Monday, February 11, 2008
Three for three
So, a couple days ago I said I was salivating at the thought of seeing Hair in Central Park this summer. I wish I could say the same about these other projects, but my feelings are decidedly mixed. Here are my thoughts, along with some ideas for alternatives. Any producers reading this, you know where to find me.
Gone with the Wind: Am I the only one who thinks that a musical version of Gone with the Wind, which opens in London's West End in April, is a supremely bad idea? I'm sure director Trevor Nunn's intentions are good. But the depictions of black people in the 1939 movie are stereotypical and offensive, and I don't see how they'll be any better on stage. The thought of singing and dancing slaves makes me cringe. And casting Jill Paice as Scarlett O'Hara only confirms my queasiness. She was wonderful in Curtins as the sweet ingenue. But this article in Playbill refers to Scarlett as a "steely Southern belle." Paice just doesn't strike me as steely enough.
My alternative: You want to make a musical out of a classic movie, how about my favorite movie of all time: Casablanca. It's arguably just as well known and beloved as GWTW, and it has some of the same elements: a love story set against a wartime backdrop, strong male and female lead characters, memorable supporting roles. Plus, the 1942 film has an element of suspense and this time, our hero and heroine are on the right side of a moral issue.
Shrek: I'm kind of ambivalent about the musical version of the 2001 animated film centering around a large green ogre, which begins previews at The Broadway Theatre on Nov. 8. Although it probably doesn't matter what I think since I'm about 40 years older than the target audience and I don't have any small children to bring. On one hand, I think it's great that another movie, oops I mean musical, is opening on Broadway that's geared to young children and their parents. One of the great things about Broadway is the range of entertainment for all ages. On the other hand, I saw the first Shrek movie and I don't remember being all that bowled over by it. The only character I really liked was Eddie Murphy as the donkey. Now if he were going to be in the Broadway musical, I'd buy a ticket.
My alternative: Disney's One Hundred and One Dalmations. The 1961 classic has a love story, a great villain in the appropriately named Cruella De Vil, and a cute floppy-eared supporting cast. Plus, the male lead in the movie, Roger Radcliffe, is a professional songwriter. How perfect is that for a musical! I'm not sure how they'd get 101 dogs on stage. I admit that's a major stumbling block. Dancers in doggie suits probably wouldn't cut it. Maybe they could go the route of the horses in Equus and wear abstract wire Dalmation heads. Or maybe Julie Taymor could whip something up, a la The Lion King.
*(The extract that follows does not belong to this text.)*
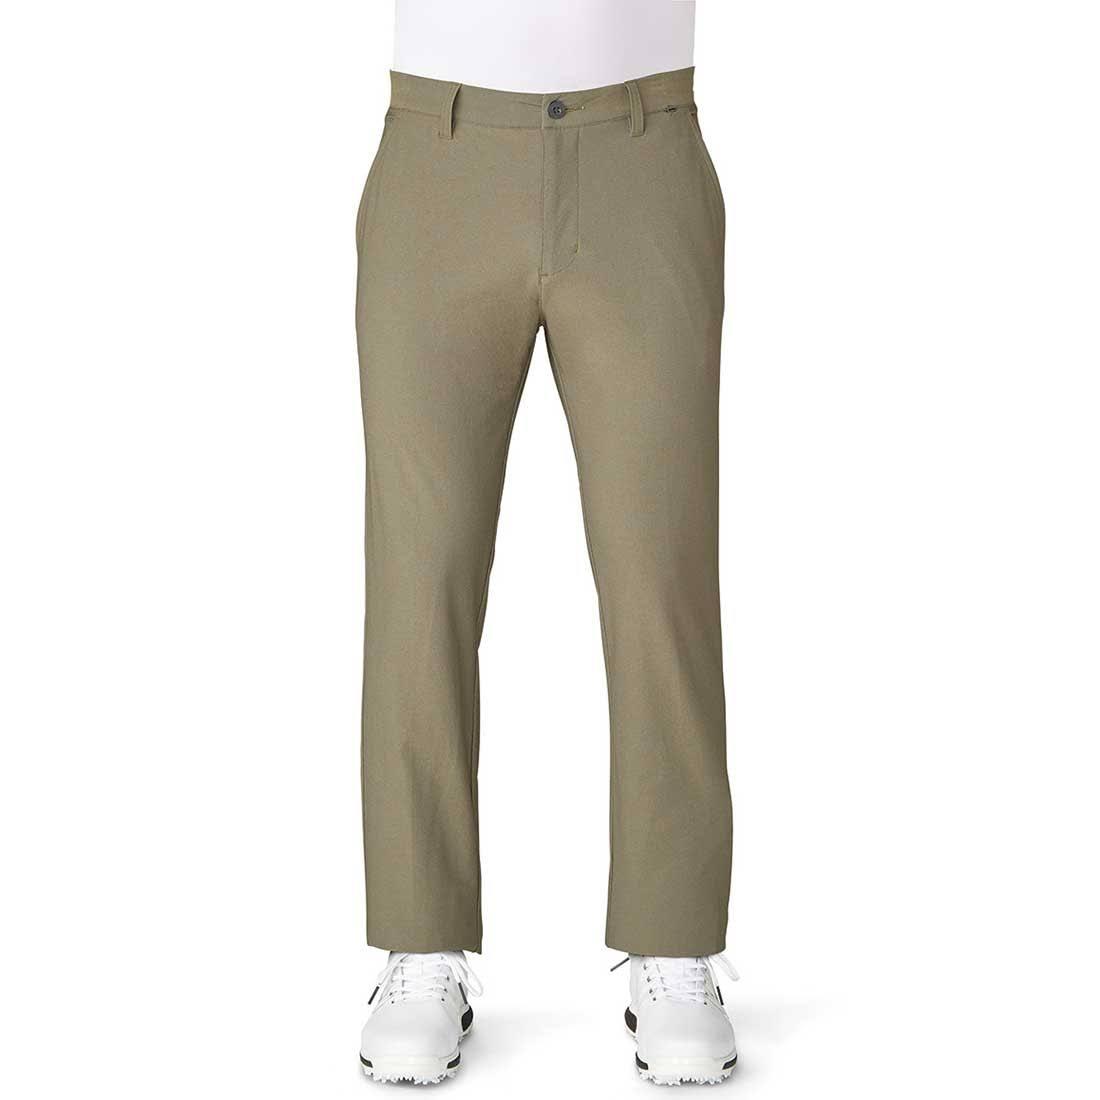 Twill Adidas 32x34 Marrón Crosshatch Pants Caqui Ultimate365 Táctil vwTZwqp5

Yentl: A musical version of the 1983 Barbra Streisand movie about a girl who disguises herself as a boy to study in an Eastern European yeshiva is being considered by husband-and-wife songwriters Marilyn and Alan Bergman. I guess this is more in the Shrek category. I'm not opposed to it, I'm just not all that excited about it. And haven't we seen this before? It's like Fiddler on the Roof meets Shakespeare in Love. But do we need another Fiddler when the first one is still perfectly fit?
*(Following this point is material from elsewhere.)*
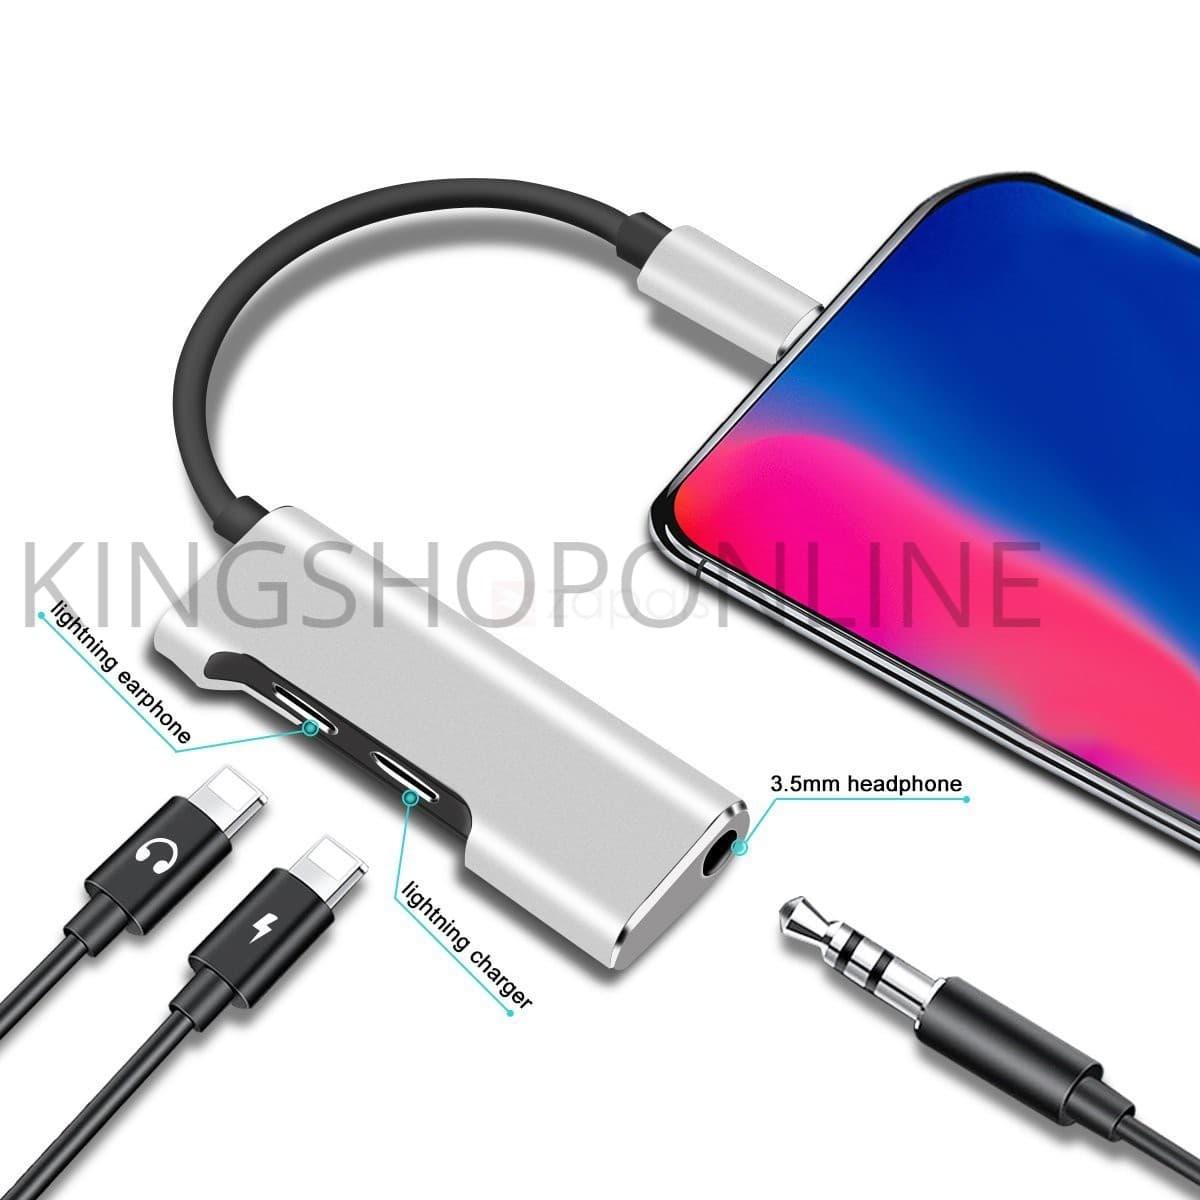 Jual New Android 71 Nougat Tv Box X96 Mini Ram 1g Rom 8g Kotak P3k Veta Mobil 3in1 Audio Cable Converter Lightning Male To 35mm Ip Female

My alternative: What I'd really like to see is a musical that looks at contemporary Jewish life. So I'm recommending the very funny 2006 chick-lit novel by Laurie Gwen Shapiro called The Matzo Ball Heiress. The heroine, Heather Greenblotz, of Greenblotz Matzo, tries to save the ailing family business by pulling her quirky, far-flung and emphatically secular relatives together for a Passover seder to be broadcast on the Food Channel. Complications ensue, but needless to say, by the end she finds the kosher man of her dreams.